Small town, enormous town

I remember it like it was yesterday.  It was a grey, drizzly Saturday about 1984 or 85 in Goodman's Cafe on Main Street in Blountstown, FL.  I had a bowl of chili and a grilled cheese sandwich.  We only went to town once a month.We had to pay someone to take us to town grocery shopping when my Grandmother's social security and the teacher's retirement check came in.  We always had lunch at one of the few restaurants in town.  I always loved the Burger Shake.  The Green's then the Donaldson's ran a great place.  We lived out near Sam Adkins Park.  I remember when they built it.

We banked at Ellis Bank, later NCNB Bank, my Grandmother refused to call it anything but Ellis Bank.  Mrs.
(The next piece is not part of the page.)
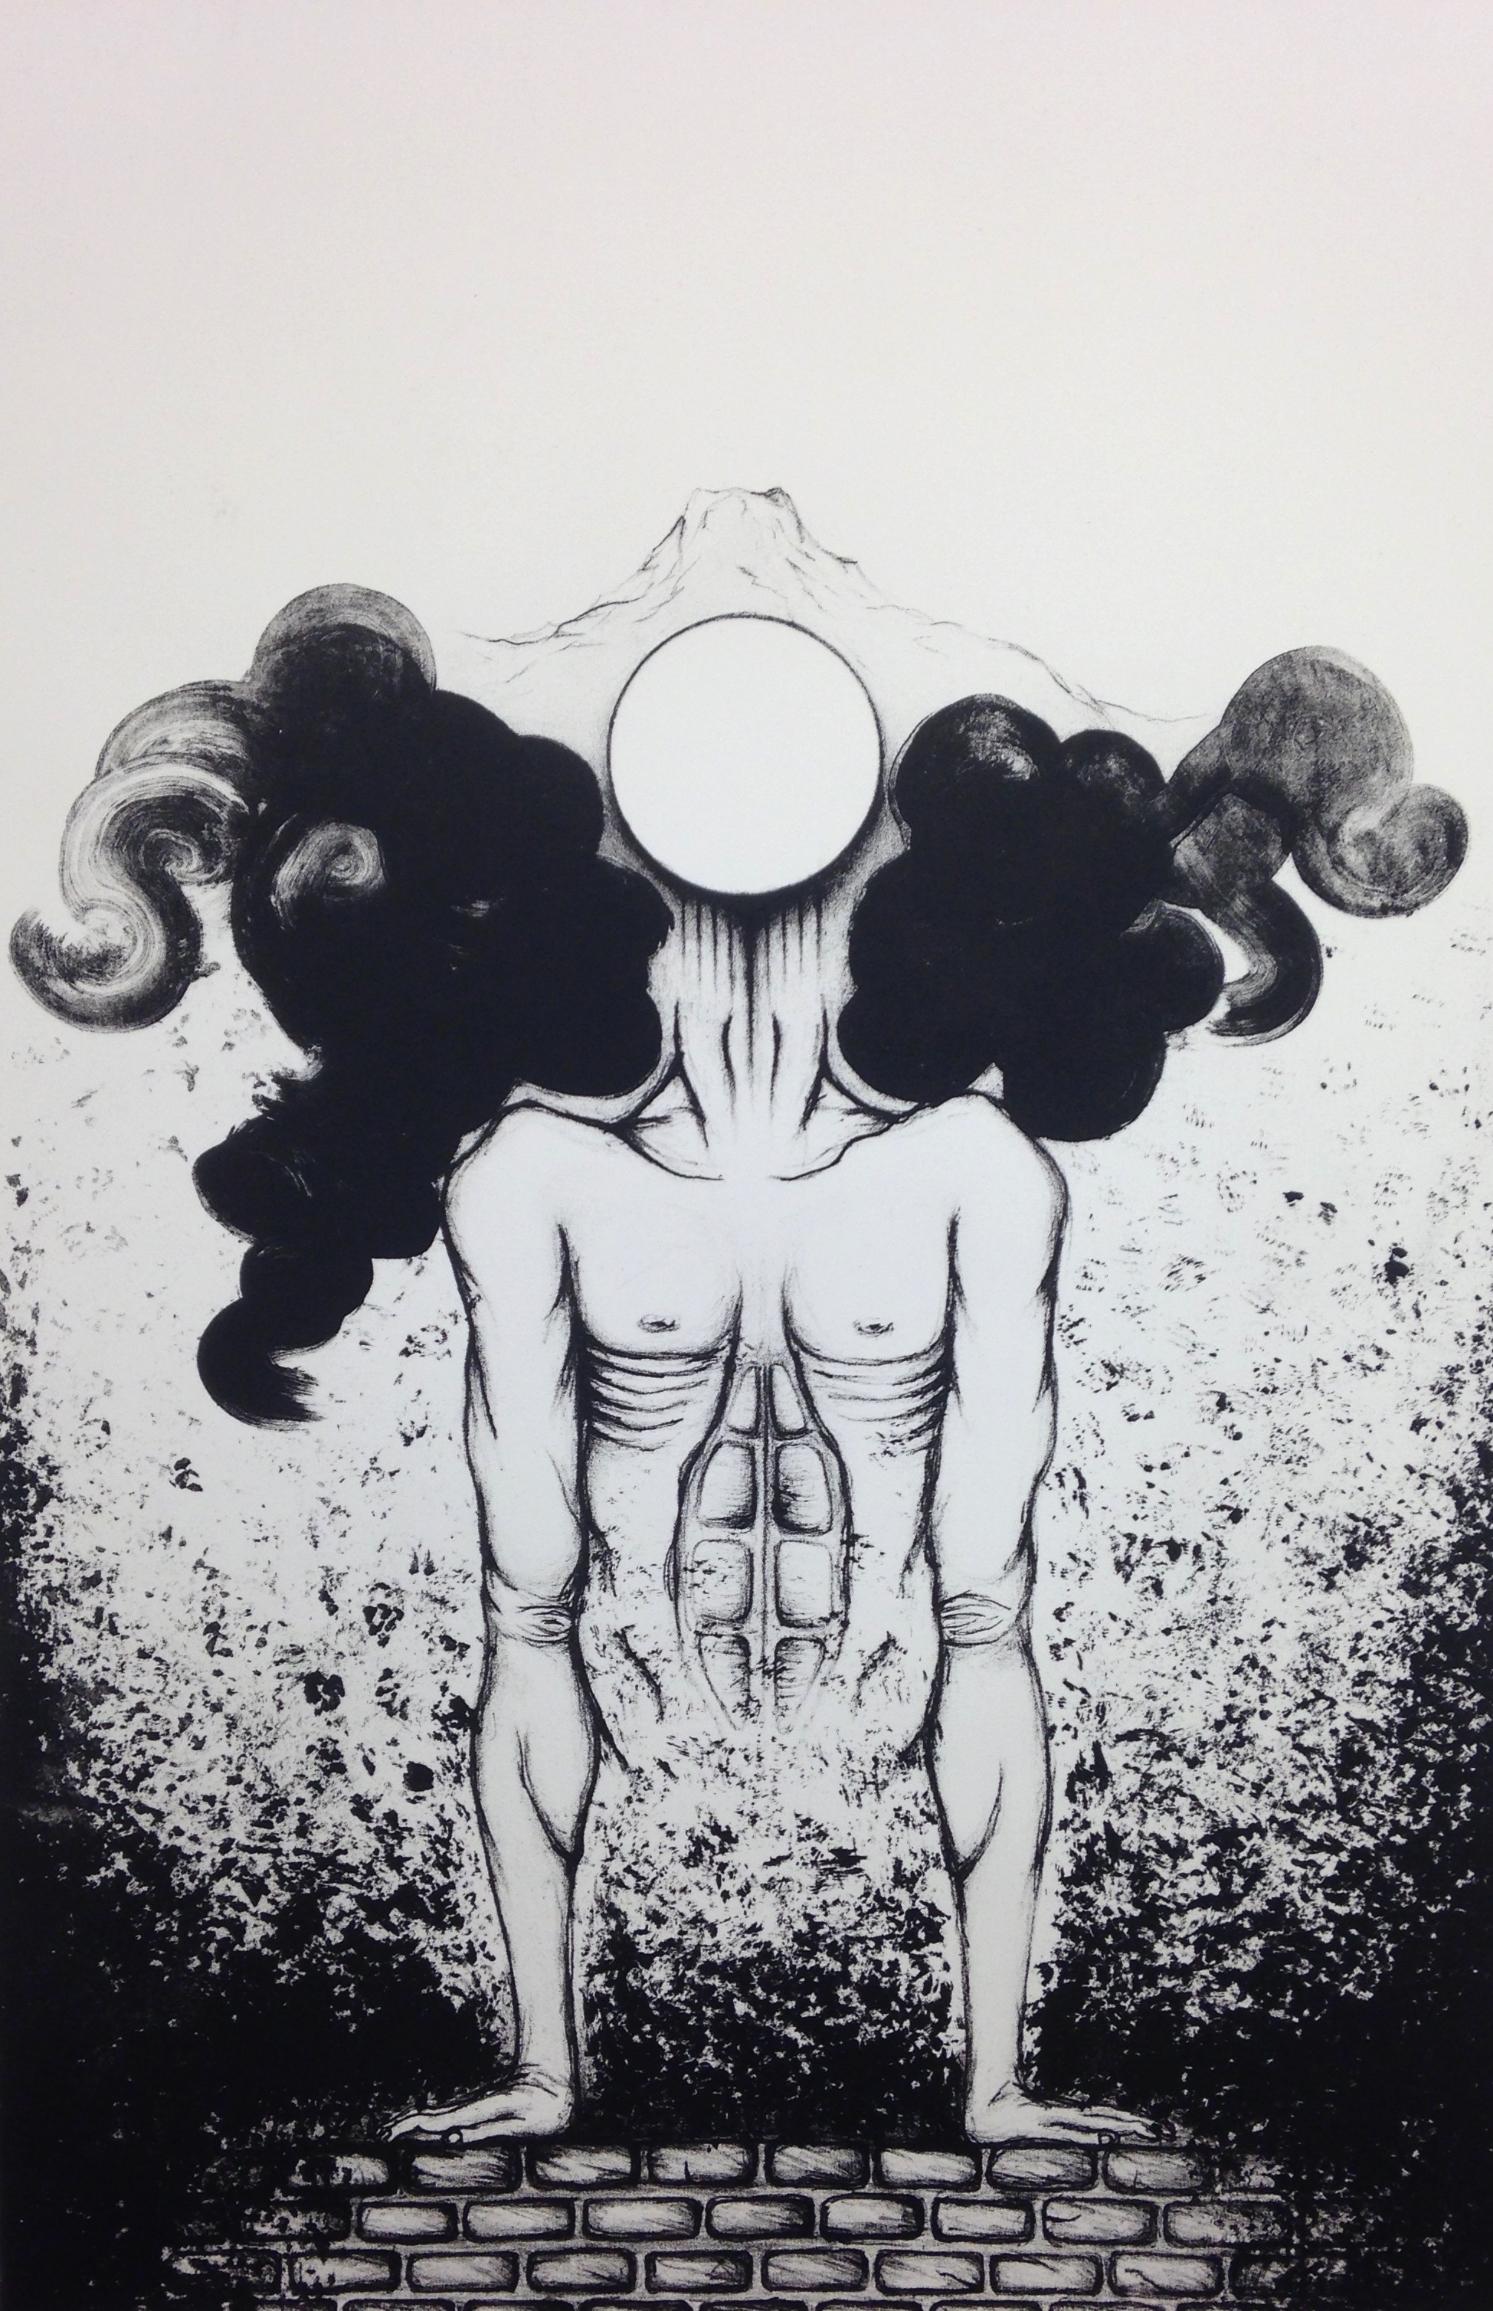 Self/Destruct/Transcend

Peacock was my Grandmother's favorite teller at one point, I'm not sure if she moved to the credit union or not when that came to town.  Things got a bit hazy there for a while.  I know we used to shop at Hagler's IGA and Evelyn Donaldson was my Grandmother's favorite cashier.  Then they opened the Piggly Wiggly in the lot adjoining Corbin's hardware store.  We started shopping there because "Aunt Margie" worked in the deli.  They had amazing potato wedges.

One thing I was absolutely certain of was that I would live in Blountstown, FL.  I would teach in Blountstown when I grew up despite the fact the teachers seemed to think I wasn't very bright.  I knew I would graduate with the BHS class of 1988, I would go to FSU or Emmanuel College.  I just knew I would return to live the rest of my life near the family and friends I had in Blountstown.  I was not one of the popular kids, I didn't have a lot of family.  I had family by marriage and a few really good friends I wanted to be near always.

It's amazing what you can convince yourself of when you are too young and naive to see another way.  I didn't graduate with the class of 1988 in Blountstown, but with another class of 1988 in Chicago, IL.  I did not go to either FSU or Emmanuel.  I went to 3 different schools but finished exactly none of them because life kept getting in the way.  I never returned to Blountstown aside from 3-5 brief visits.

I did learn as I ventured away with my Mom in 1985, that strange November day that there was a huge world and I was on the edge of it.  I learned when I got to Chicago that I was far from stupid, or dimwitted, I was placed in honors classes and did fairly well in them.  I also learned that I had a very high level of social anxiety, I hid it behind a joker's mask of smiles and laughter.  My shell was beginning to crack.  I was emerging.  The person I tucked away in that shell all those years ago had continued to grow, she just looked very different  than the one I'd envisioned and the one I'd been forced to pretend to be.  In truth the cracks started appearing before I left Blountstown.  I was beginning to grow up and actually voice my opinion, no matter how ignorant it was perceived to be, how ill advised, unpopular, humorless or humorous.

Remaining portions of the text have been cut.